> YOUR ASSIGNMENT: Copy the listing verbatim, excluding any images found in it.

> DATA EXCERPT:
*** Block opens ***
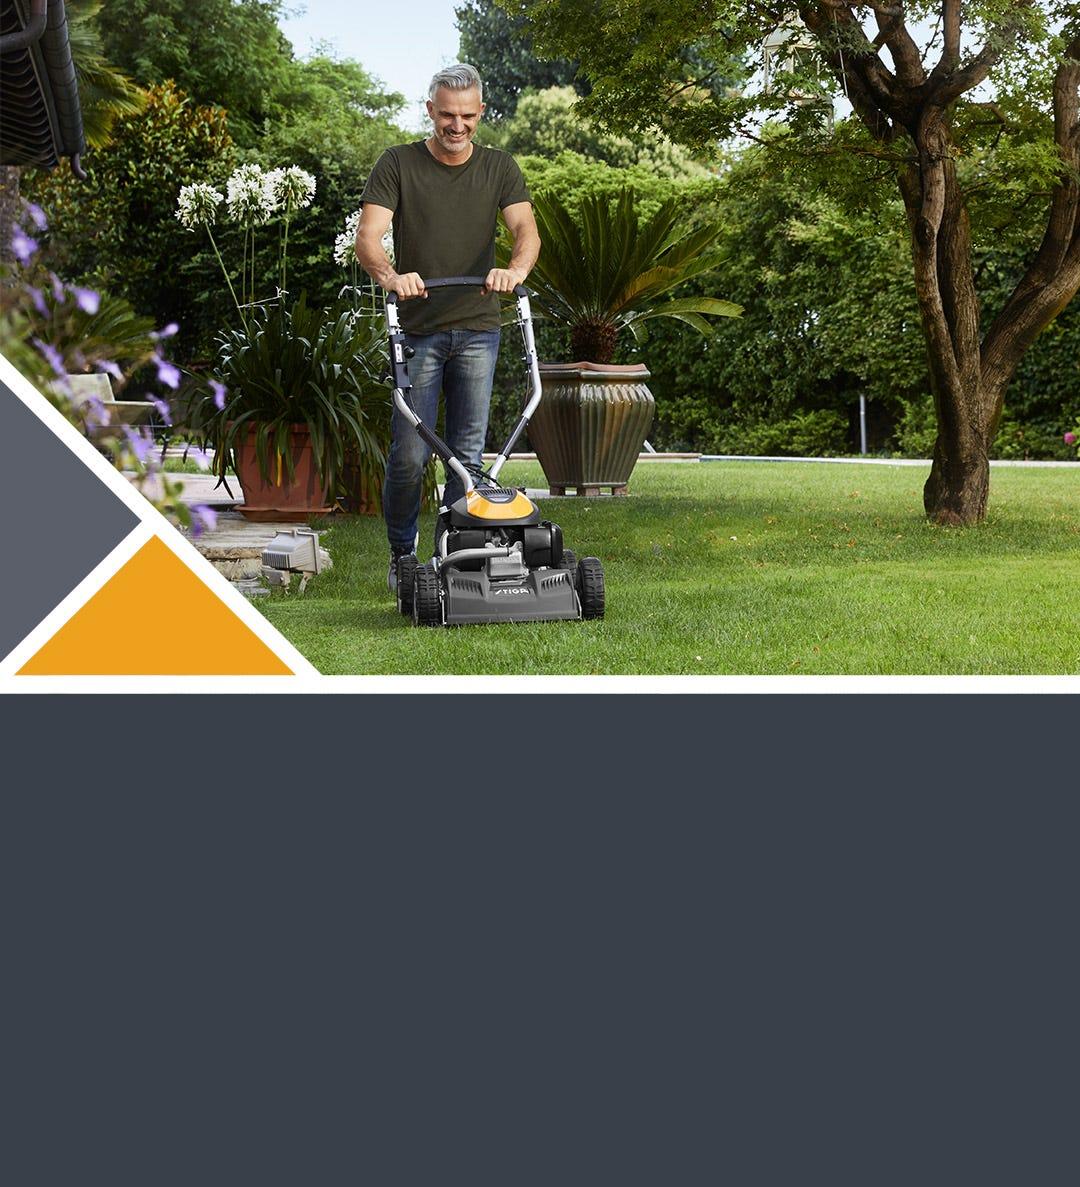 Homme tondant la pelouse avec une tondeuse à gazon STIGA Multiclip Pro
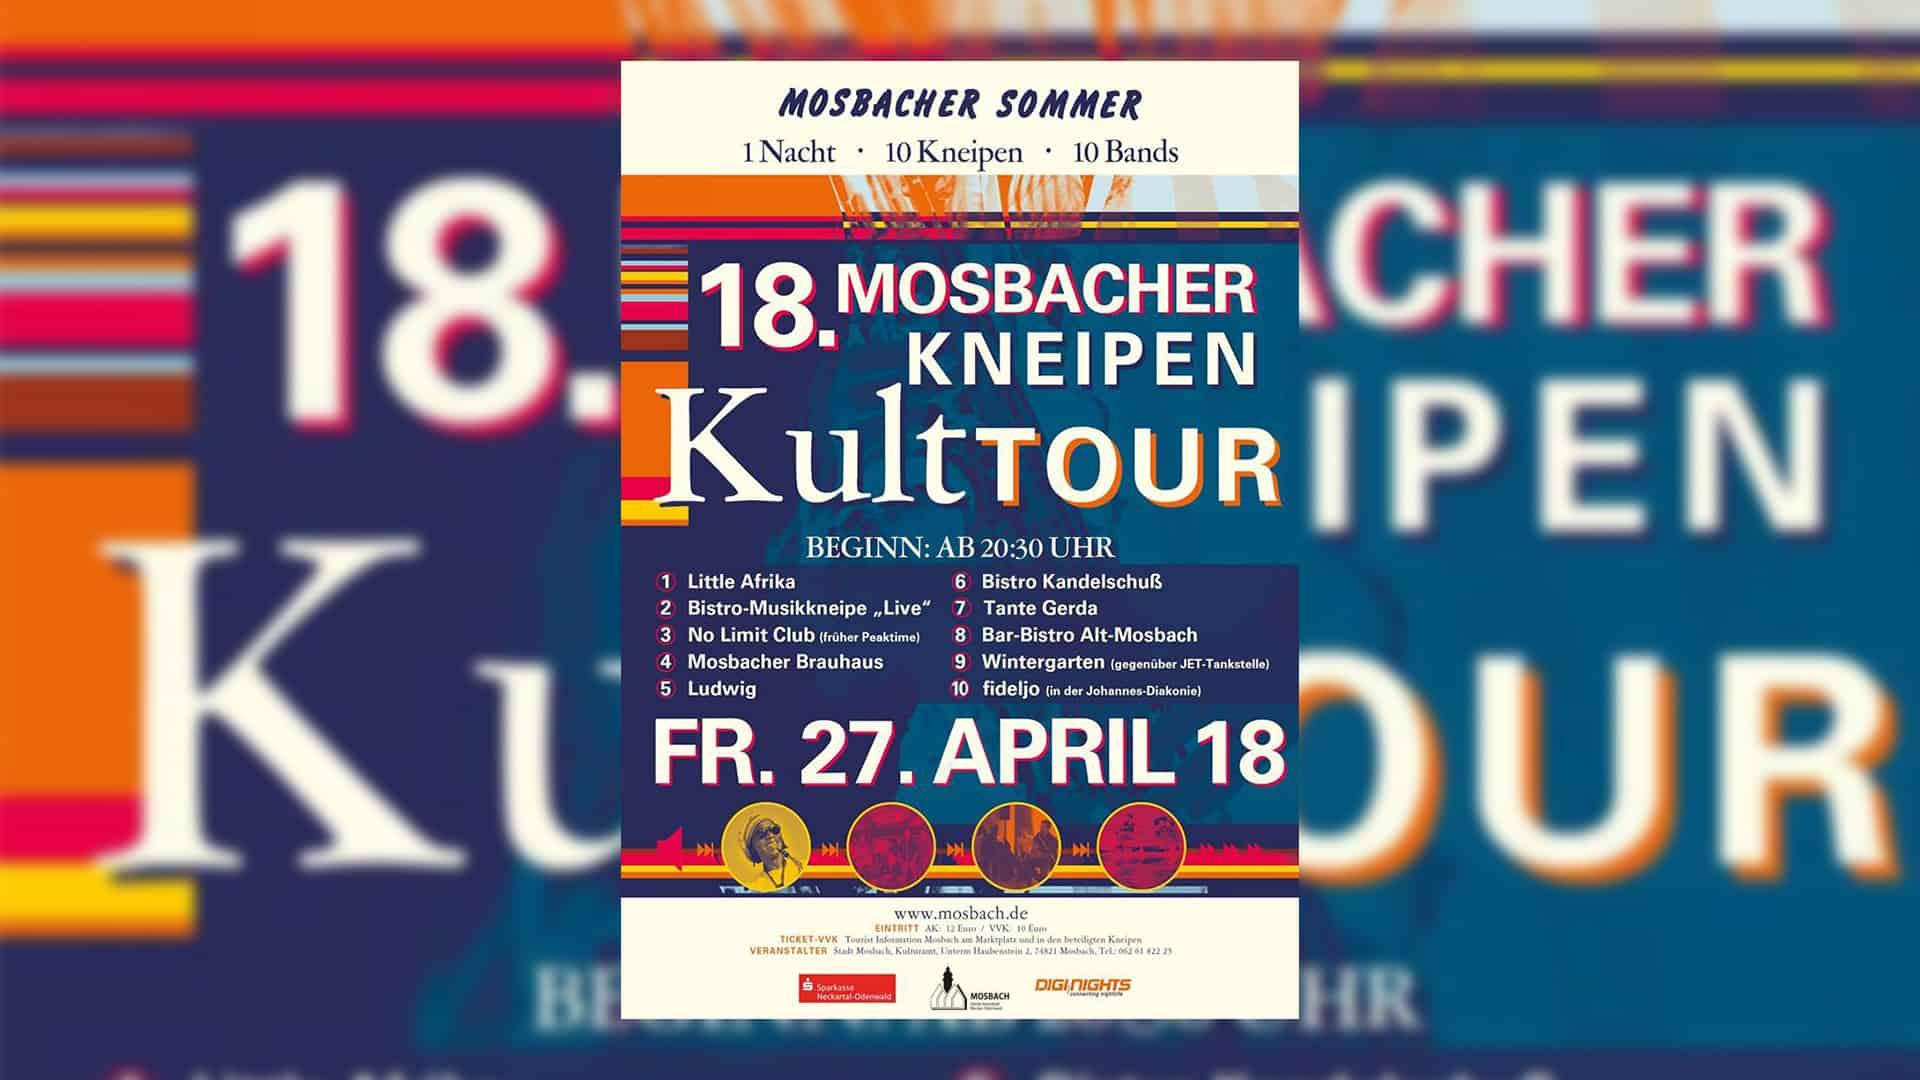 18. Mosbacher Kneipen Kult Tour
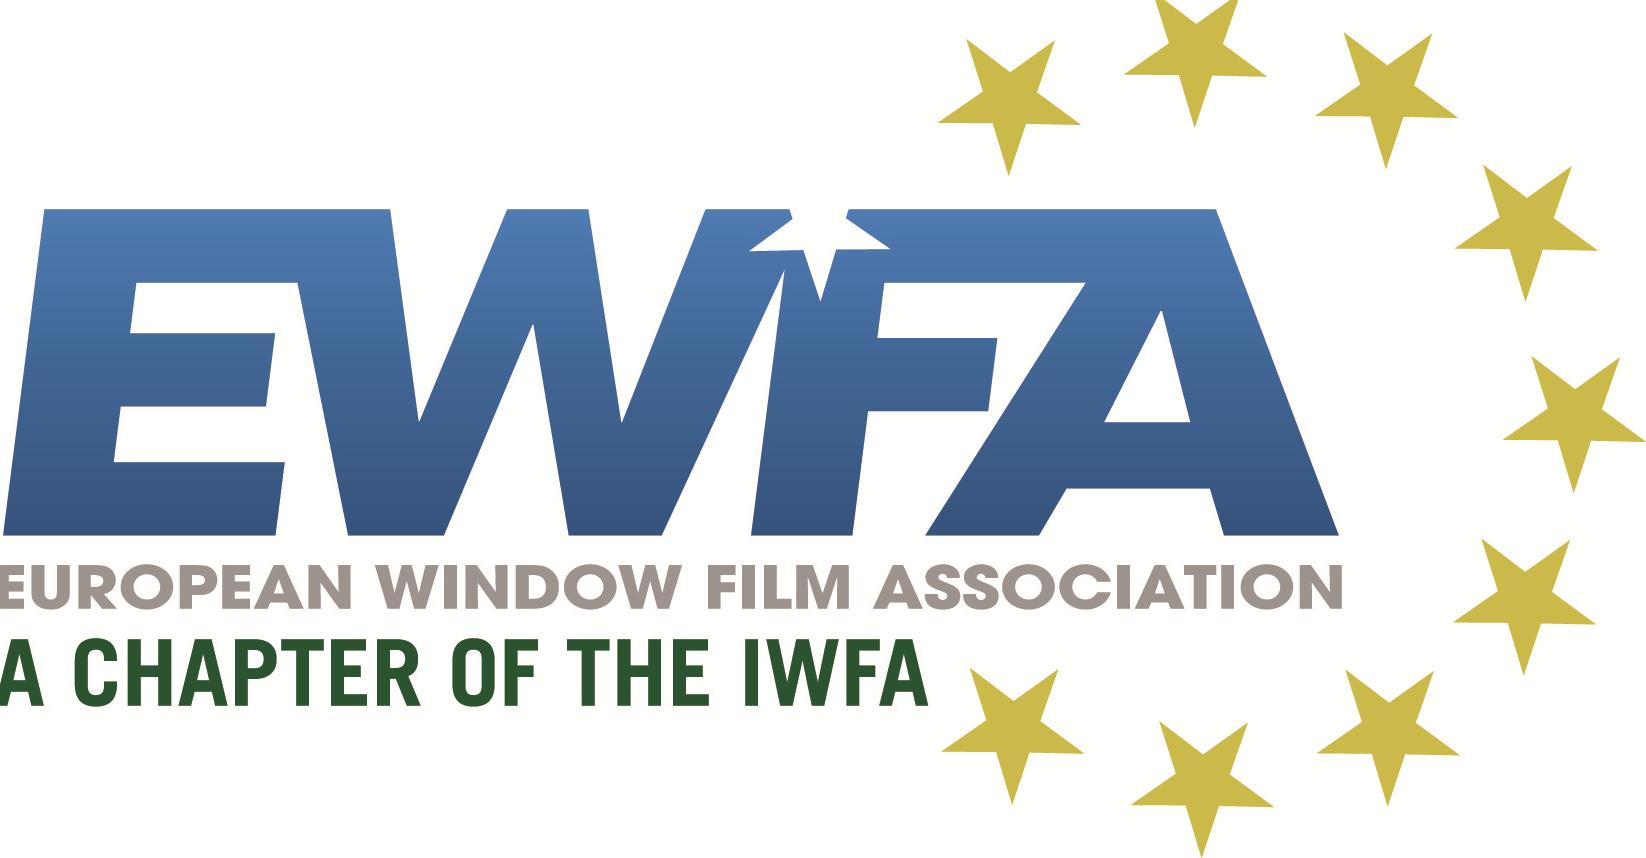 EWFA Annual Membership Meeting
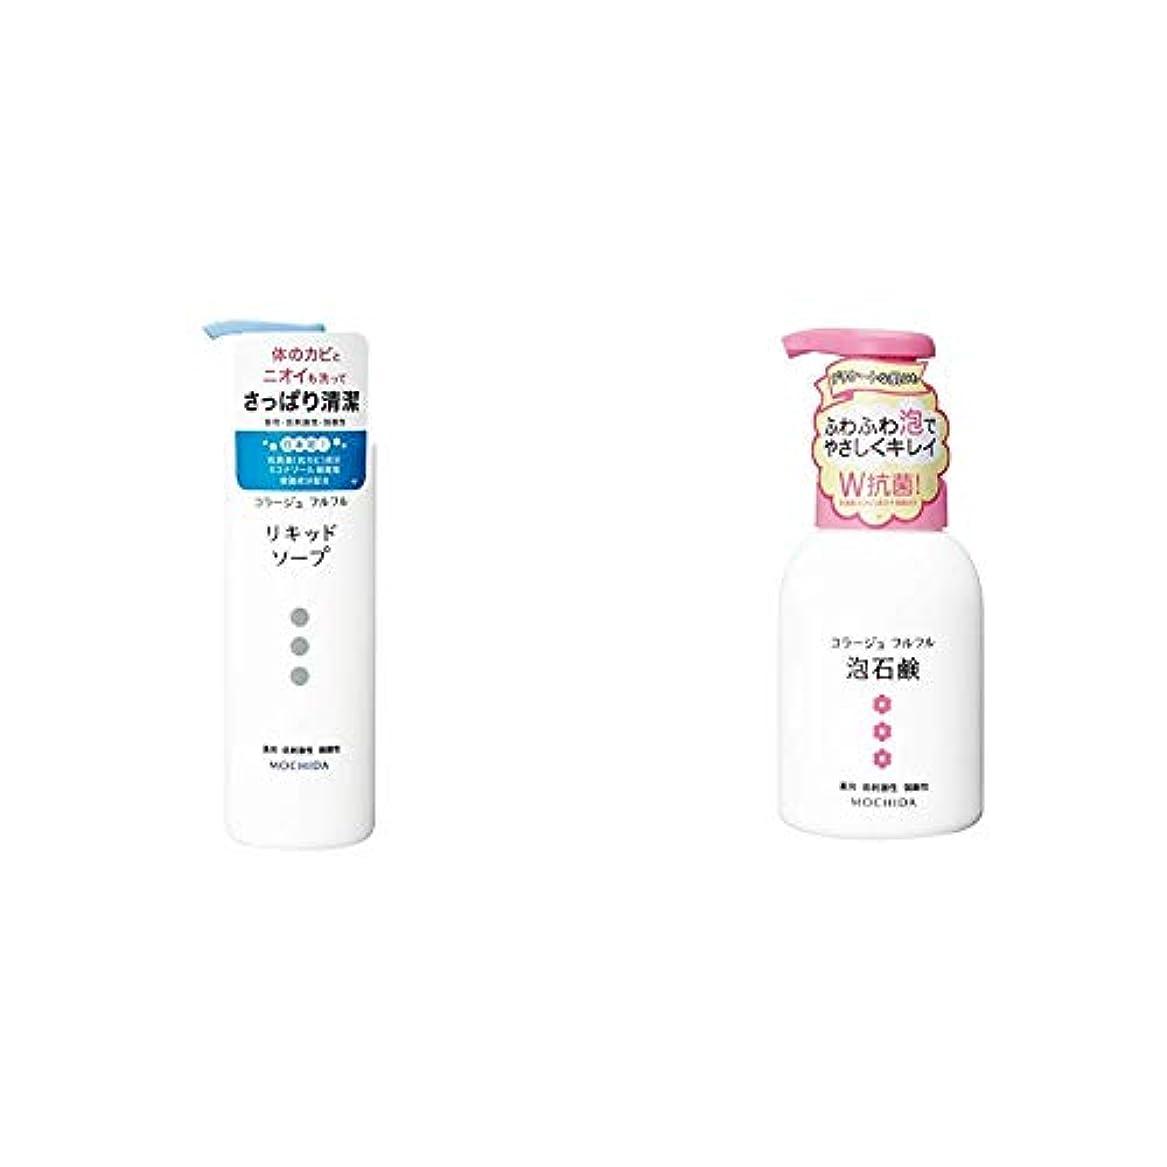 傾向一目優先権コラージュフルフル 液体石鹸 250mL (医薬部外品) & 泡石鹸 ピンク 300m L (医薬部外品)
*** Block closes ***
> TASK RESPONSE:
 Homme tondant la pelouse avec une tondeuse à gazon STIGA Multiclip Pro
 18. Mosbacher Kneipen Kult Tour
 EWFA Annual Membership Meeting
 傾向一目優先権コラージュフルフル 液体石鹸 250mL (医薬部外品) & 泡石鹸 ピンク 300m L (医薬部外品)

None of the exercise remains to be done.